### [The task]
Return, exactly and in full, the lines of the records below starting at the one with "Actor Ian McKellen" and ending at the one with "Half Day Hop-On-Hop-Off Sightseeing Bus Tour", and no other lines.

### [Available data]
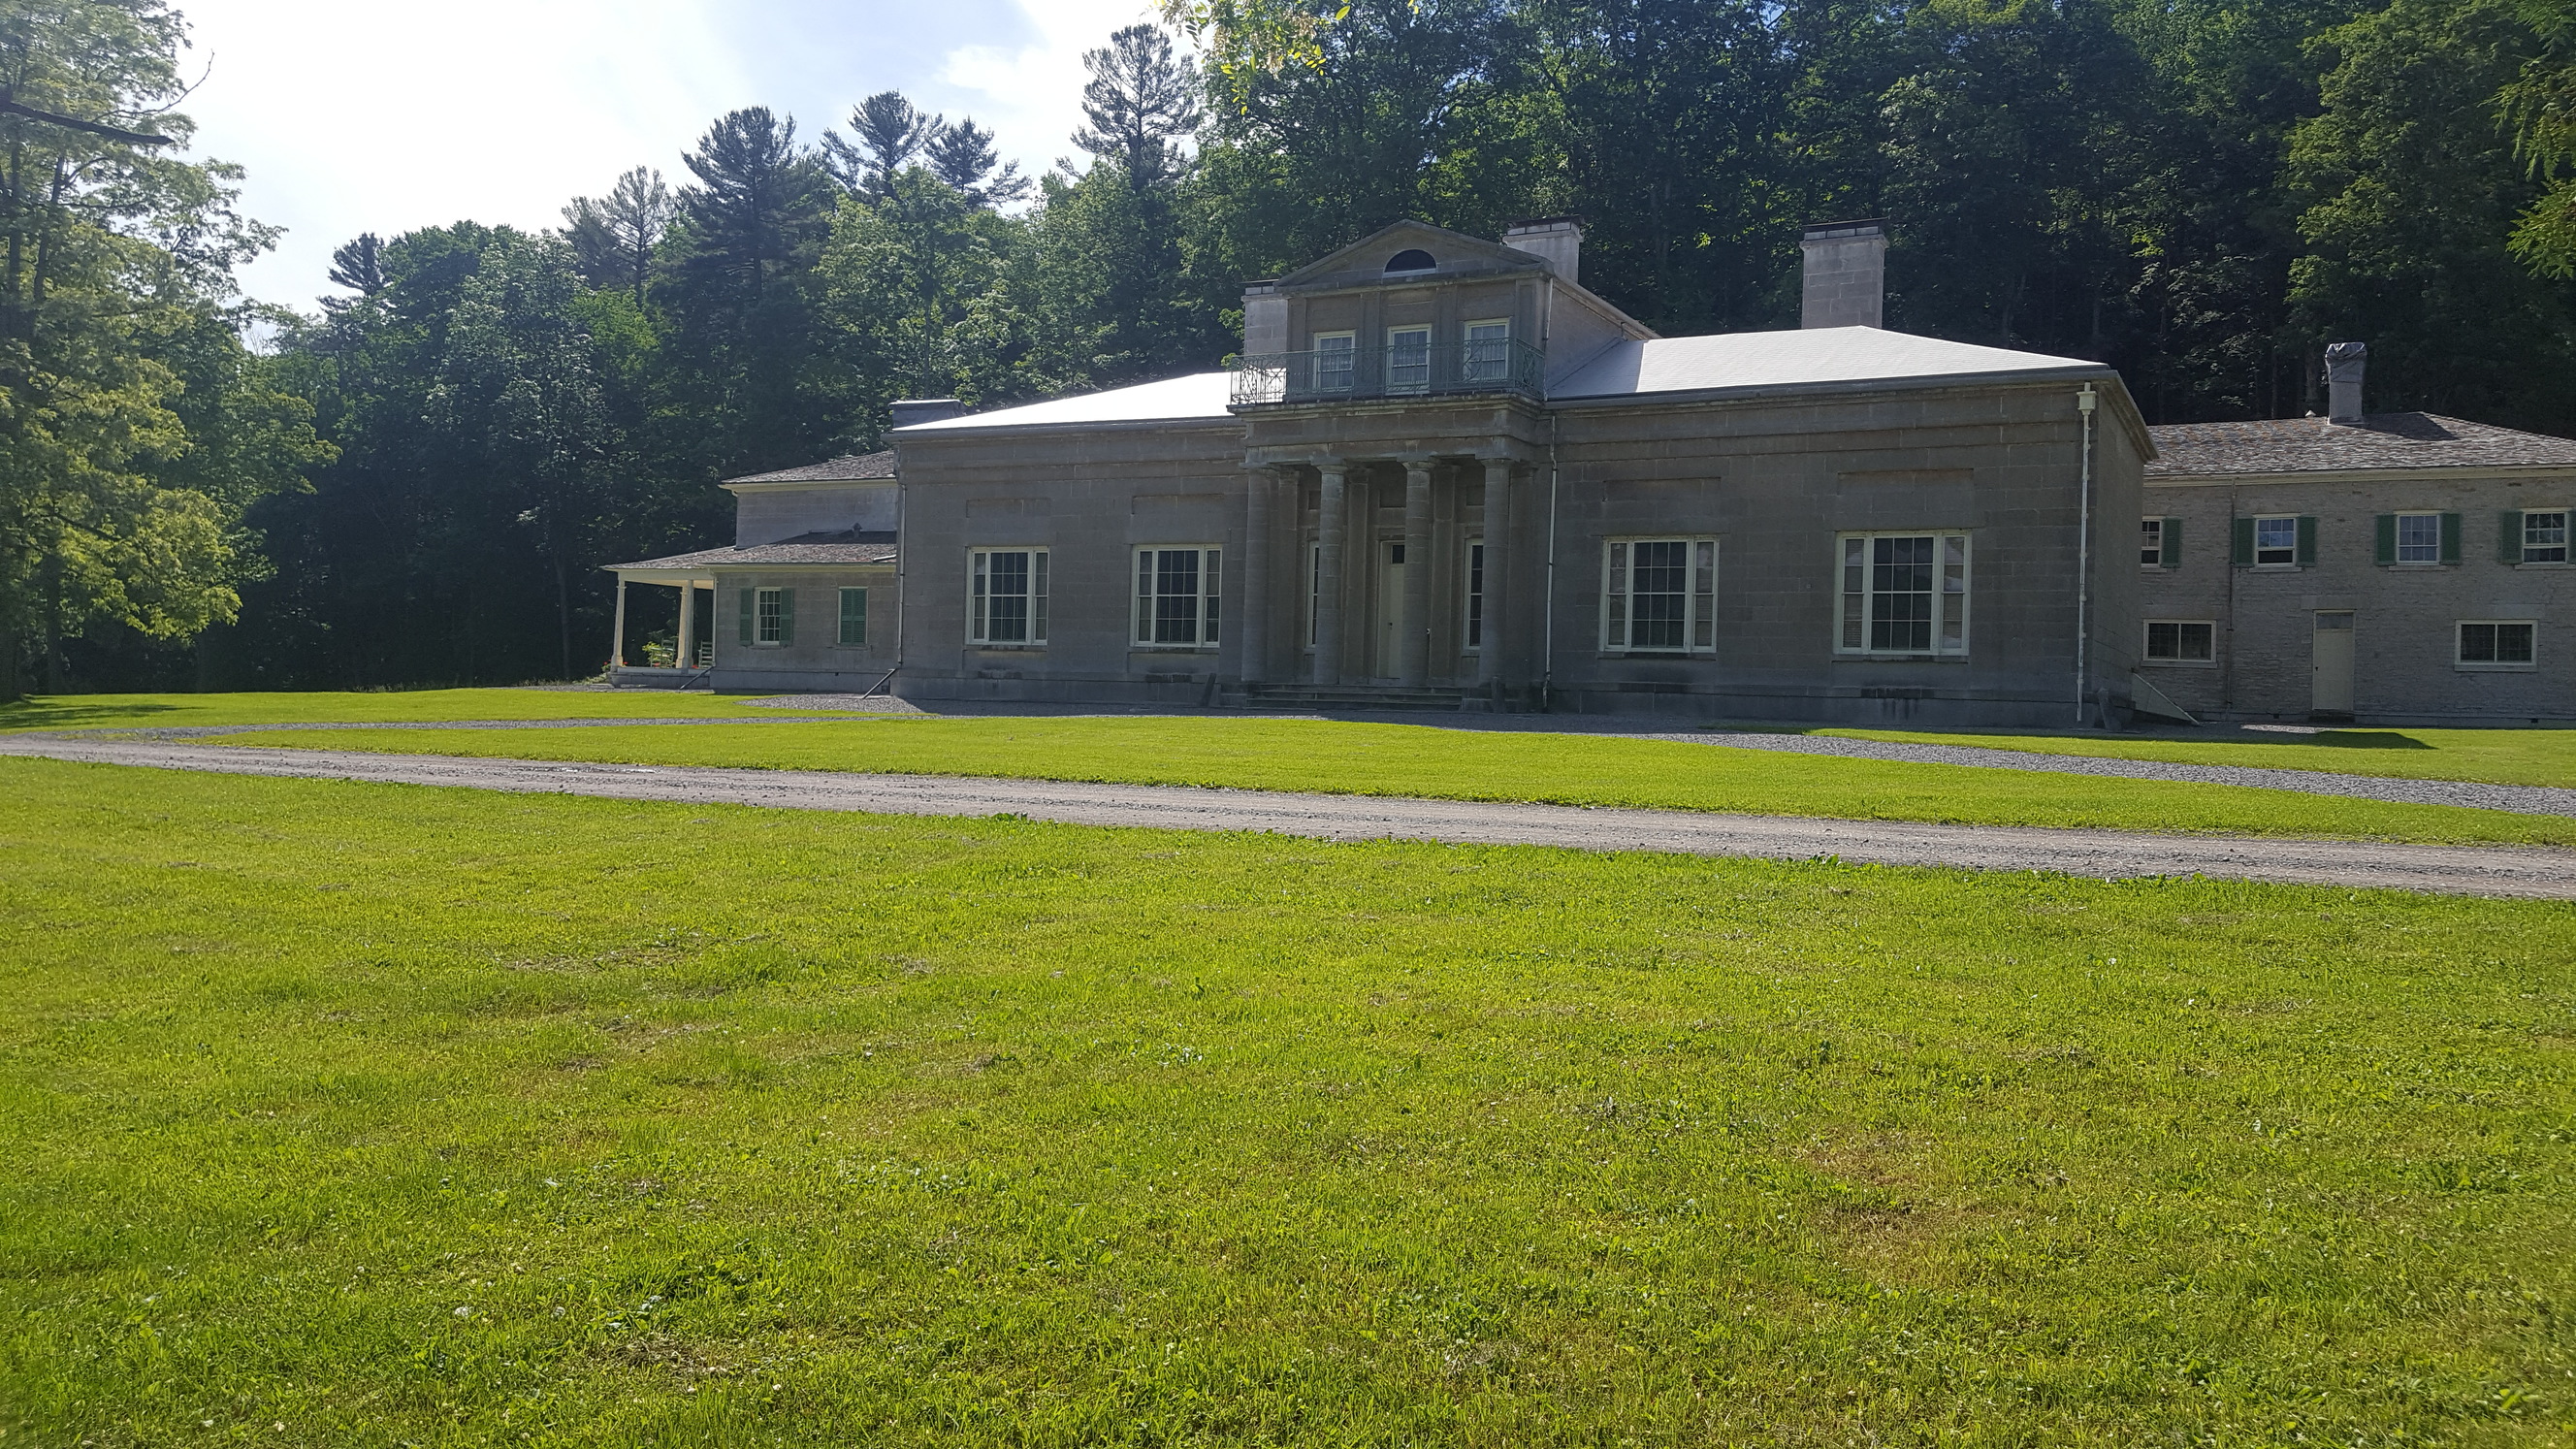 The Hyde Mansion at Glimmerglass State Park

---

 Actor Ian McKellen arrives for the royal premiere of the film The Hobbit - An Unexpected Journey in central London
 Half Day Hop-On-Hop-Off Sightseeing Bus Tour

---

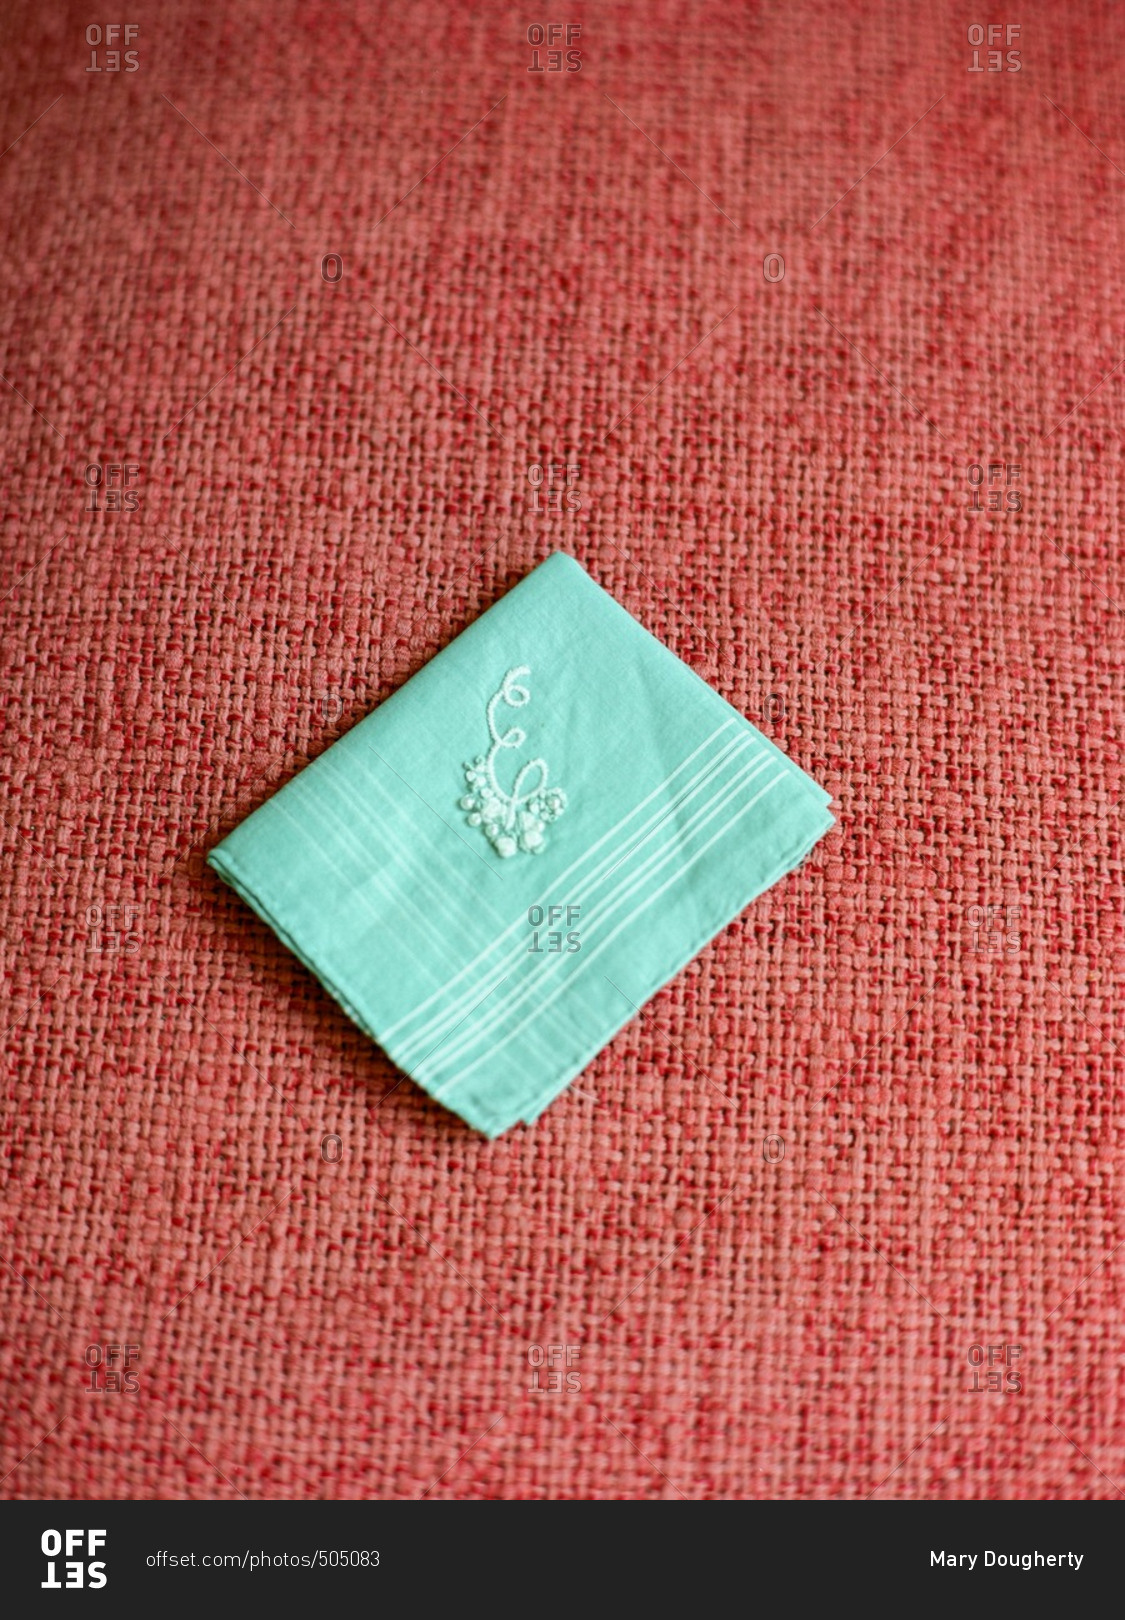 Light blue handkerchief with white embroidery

### [Solution for this exercise]
 Actor Ian McKellen arrives for the royal premiere of the film The Hobbit - An Unexpected Journey in central London
 Half Day Hop-On-Hop-Off Sightseeing Bus Tour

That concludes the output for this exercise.